### Task goal
A faithful copy of the entries, without any pictures, is what is needed here.

Stored data entries
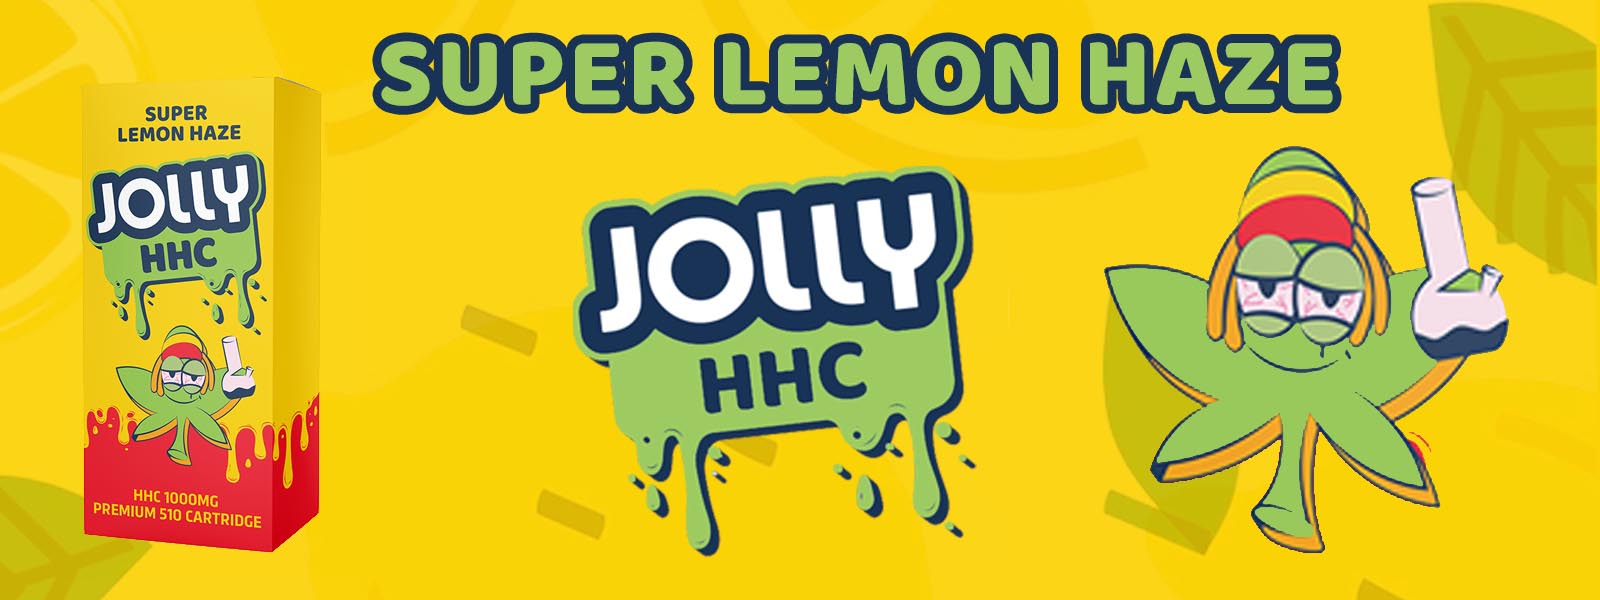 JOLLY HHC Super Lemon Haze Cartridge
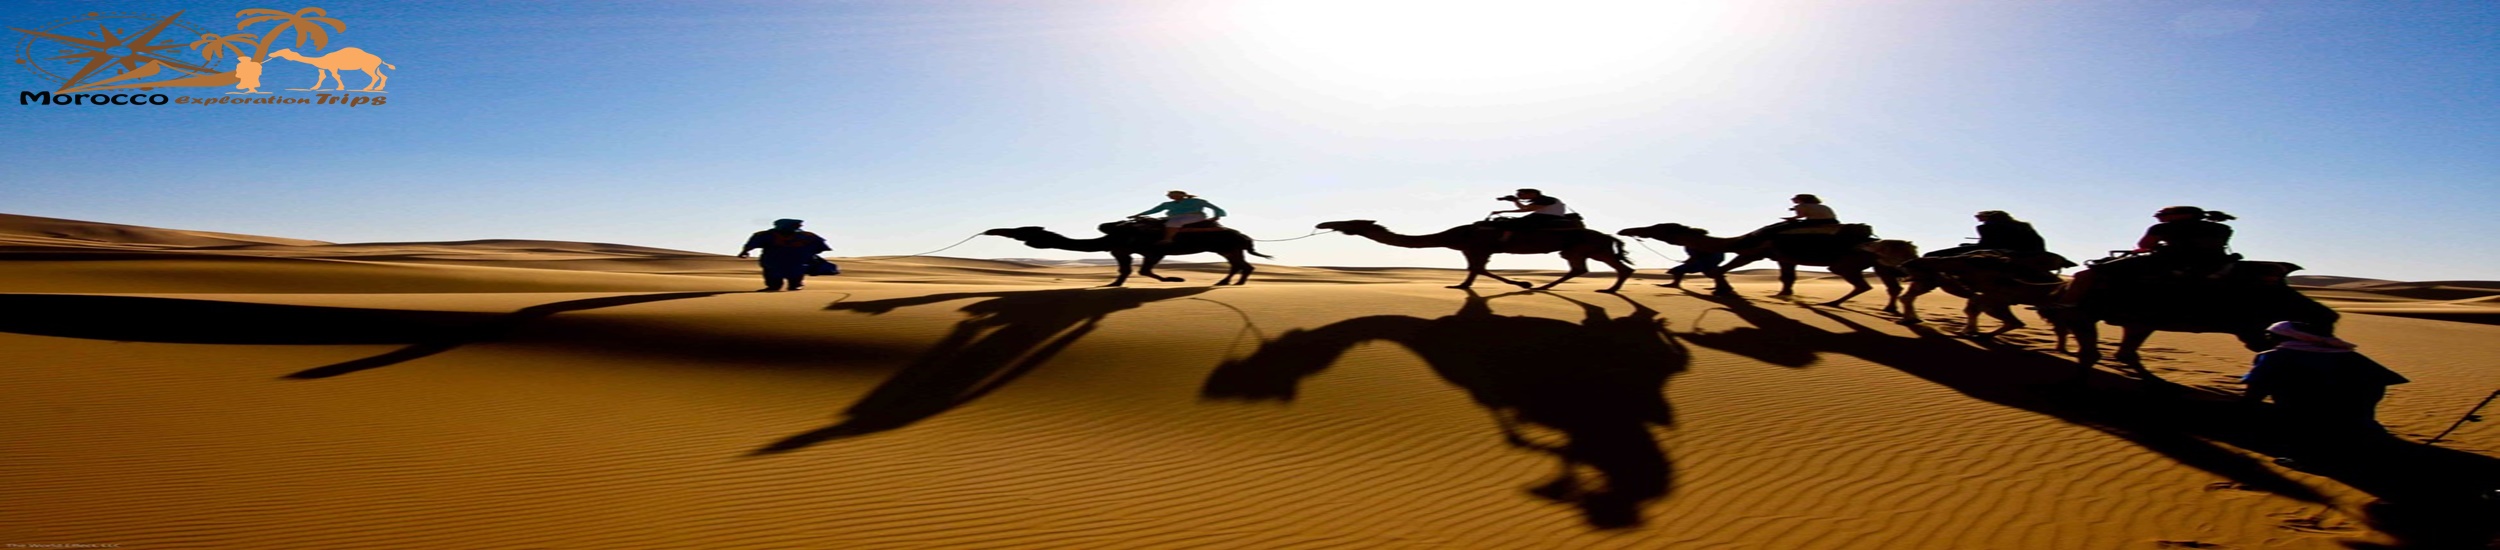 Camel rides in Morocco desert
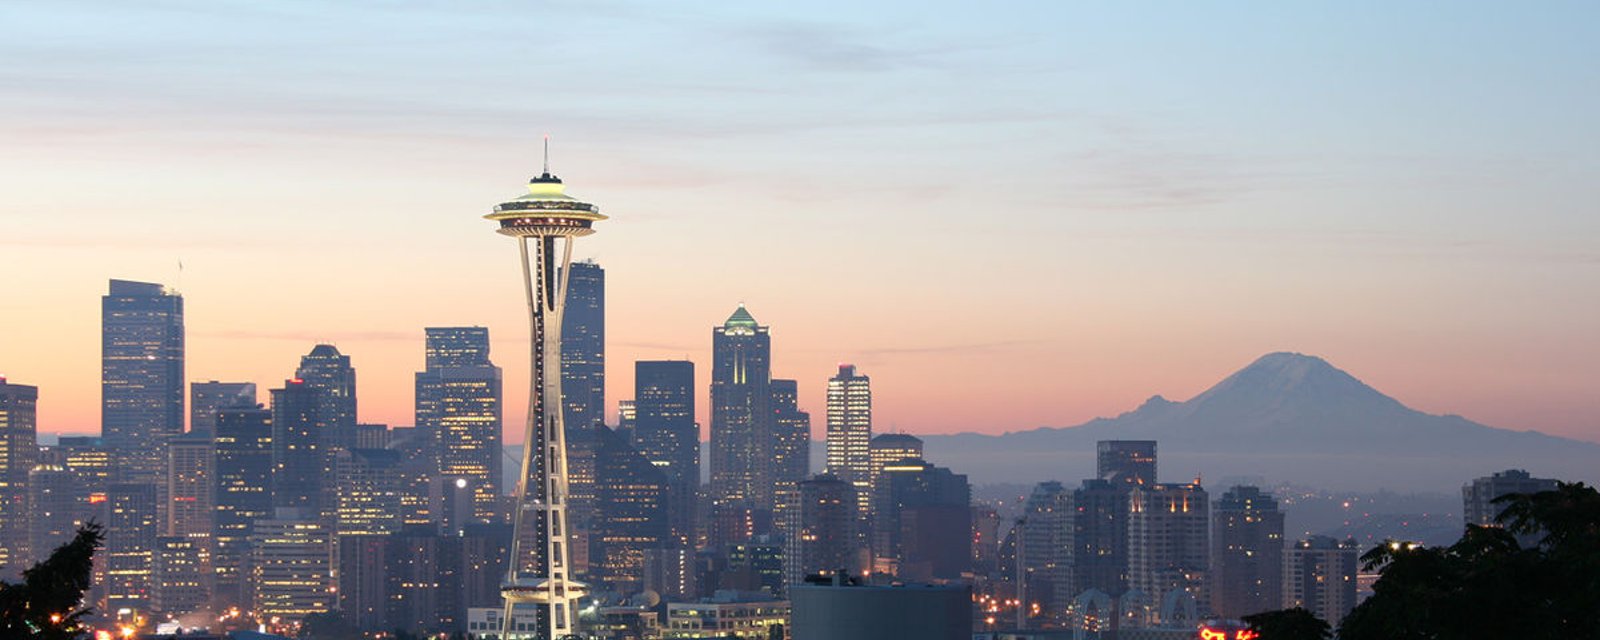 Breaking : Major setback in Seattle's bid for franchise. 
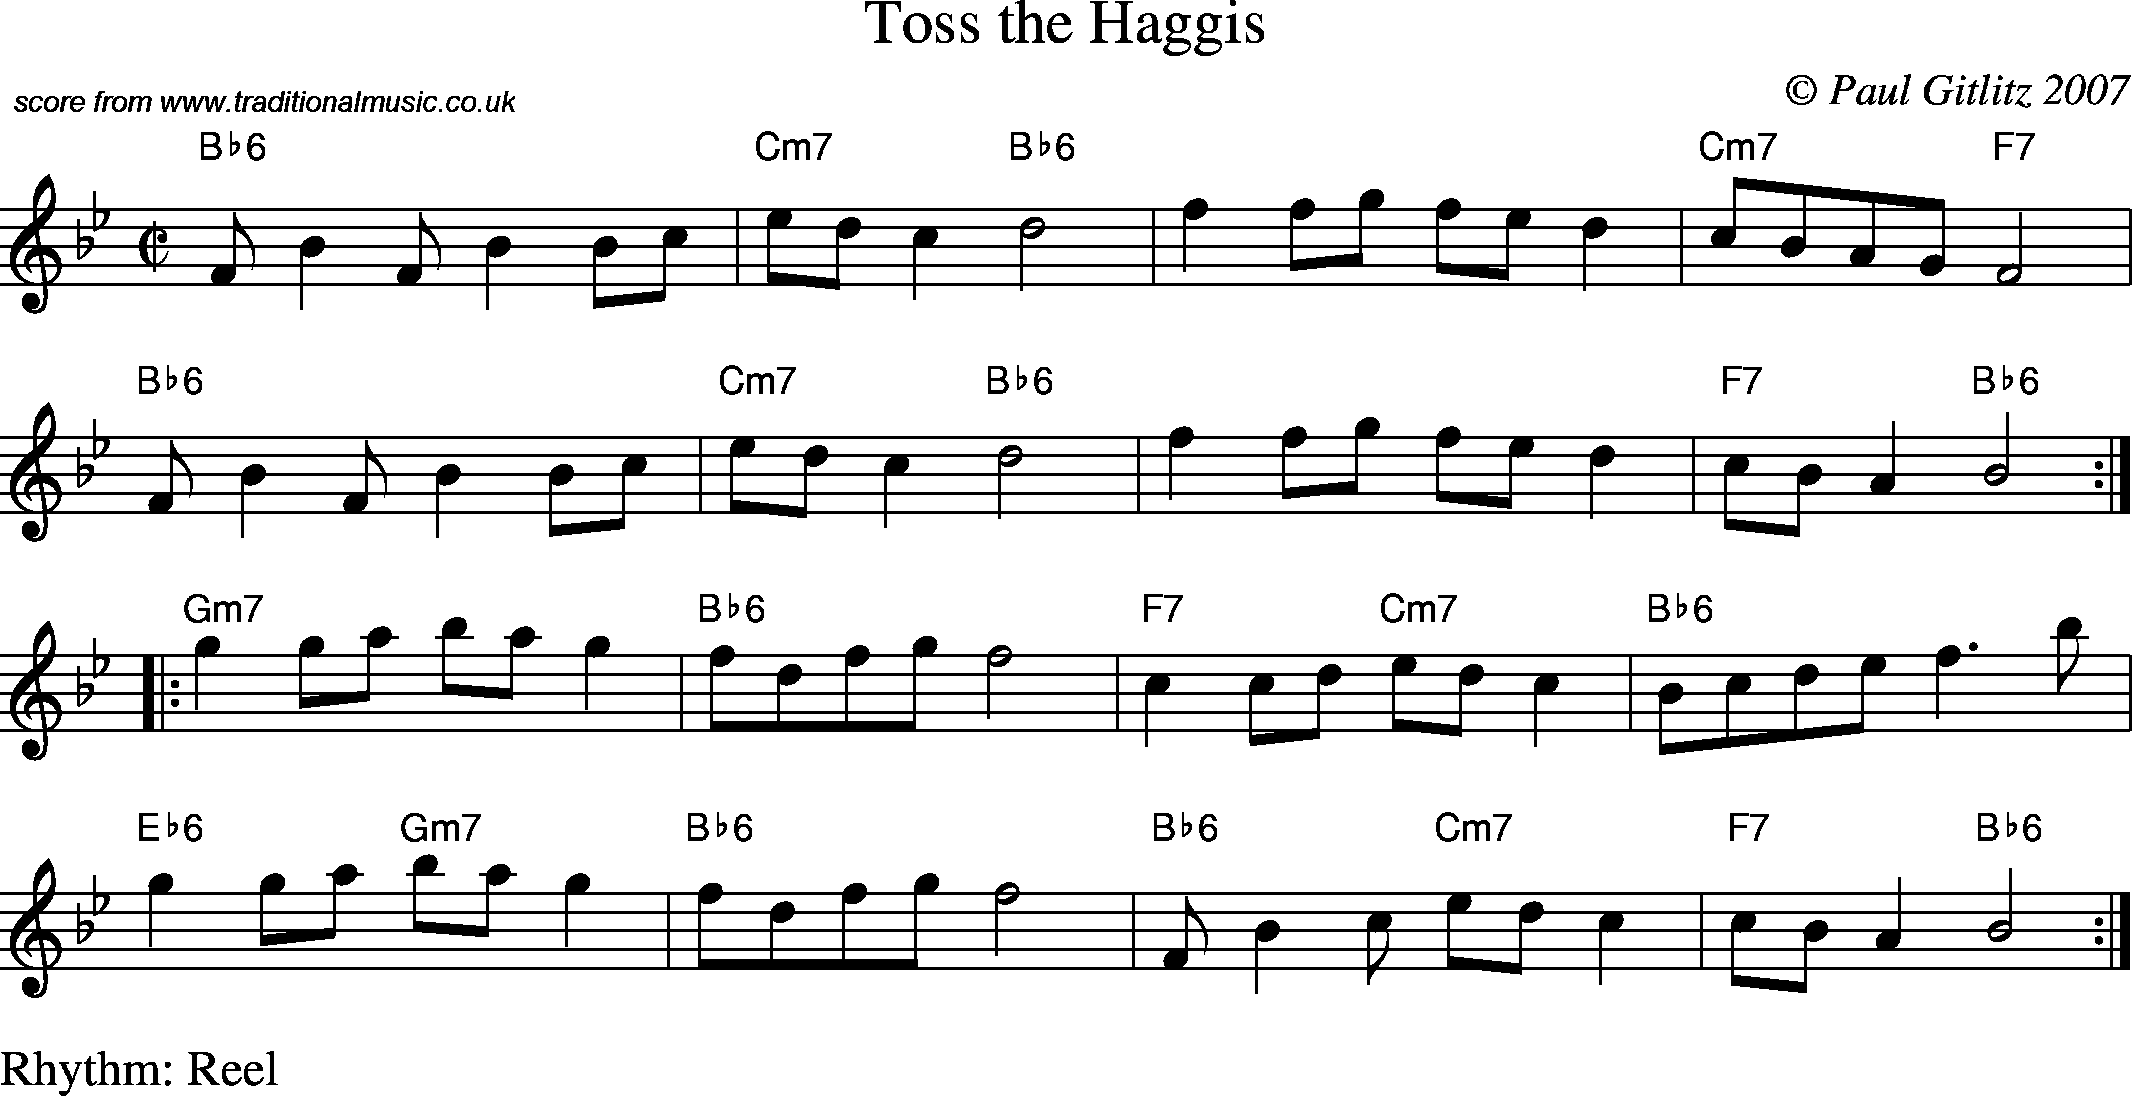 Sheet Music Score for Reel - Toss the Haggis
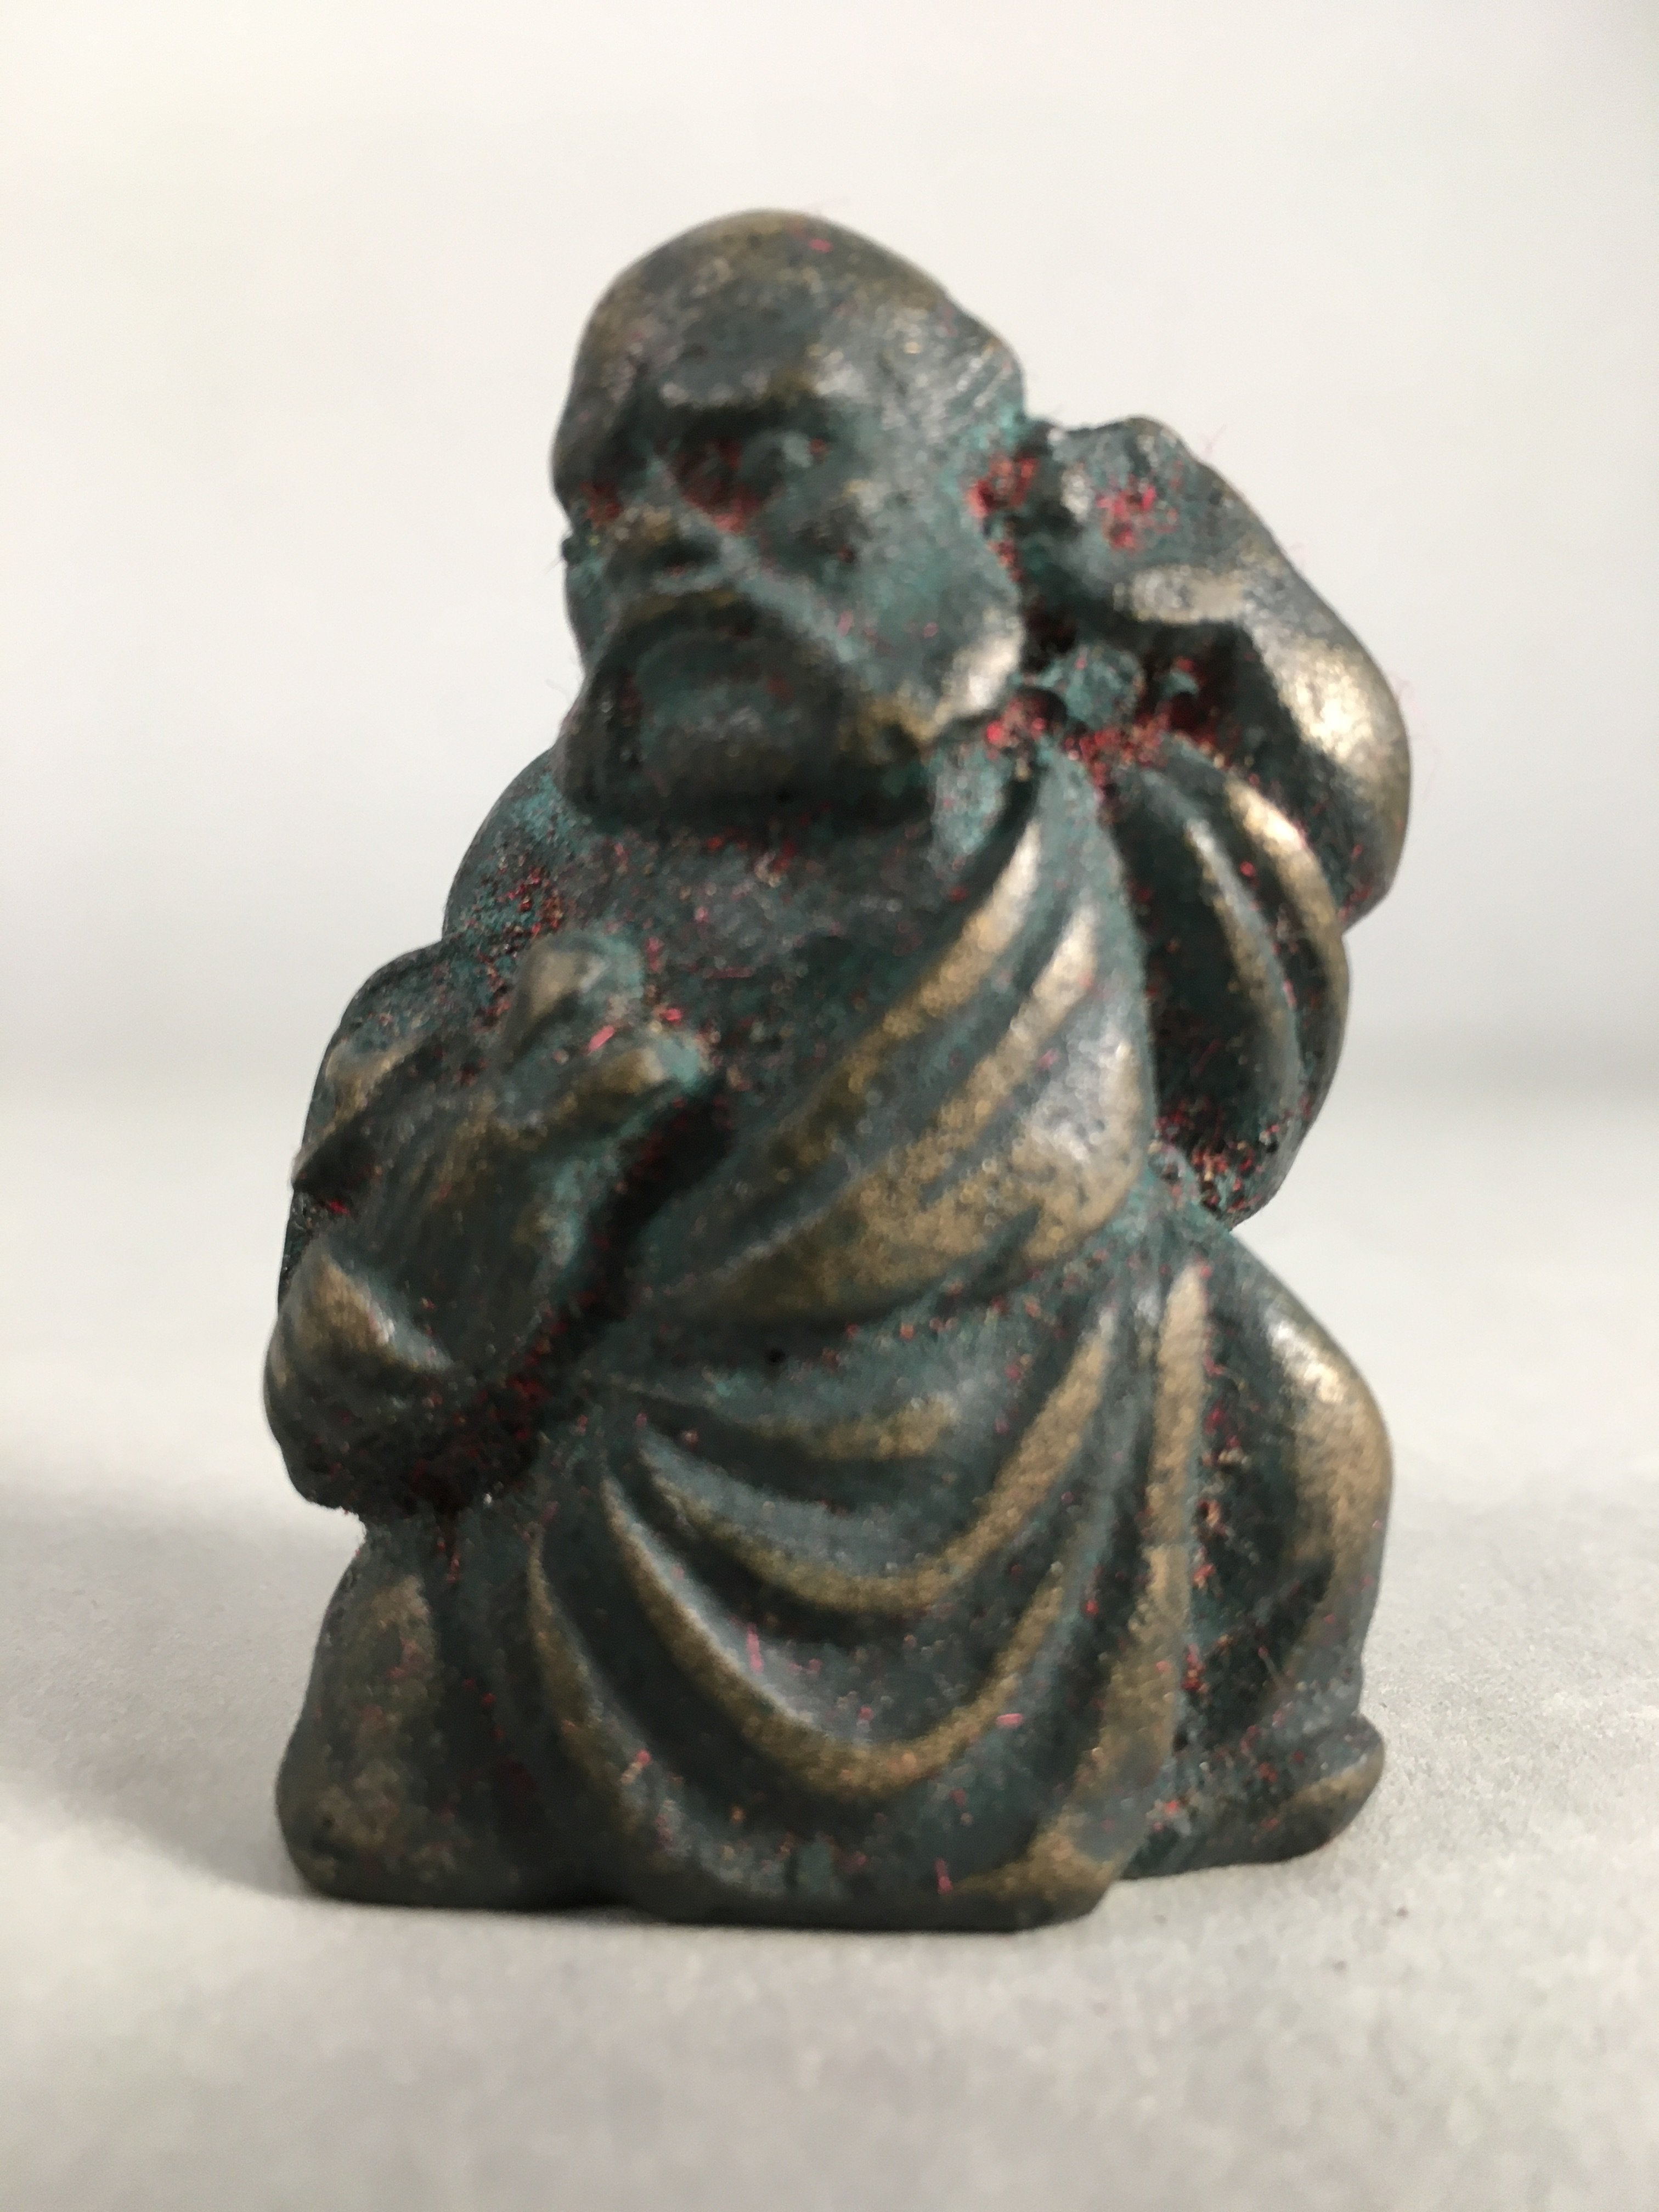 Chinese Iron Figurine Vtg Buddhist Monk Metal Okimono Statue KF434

### Expected output
 JOLLY HHC Super Lemon Haze Cartridge
 Camel rides in Morocco desert
 Breaking : Major setback in Seattle's bid for franchise. 
 Sheet Music Score for Reel - Toss the Haggis
 Chinese Iron Figurine Vtg Buddhist Monk Metal Okimono Statue KF434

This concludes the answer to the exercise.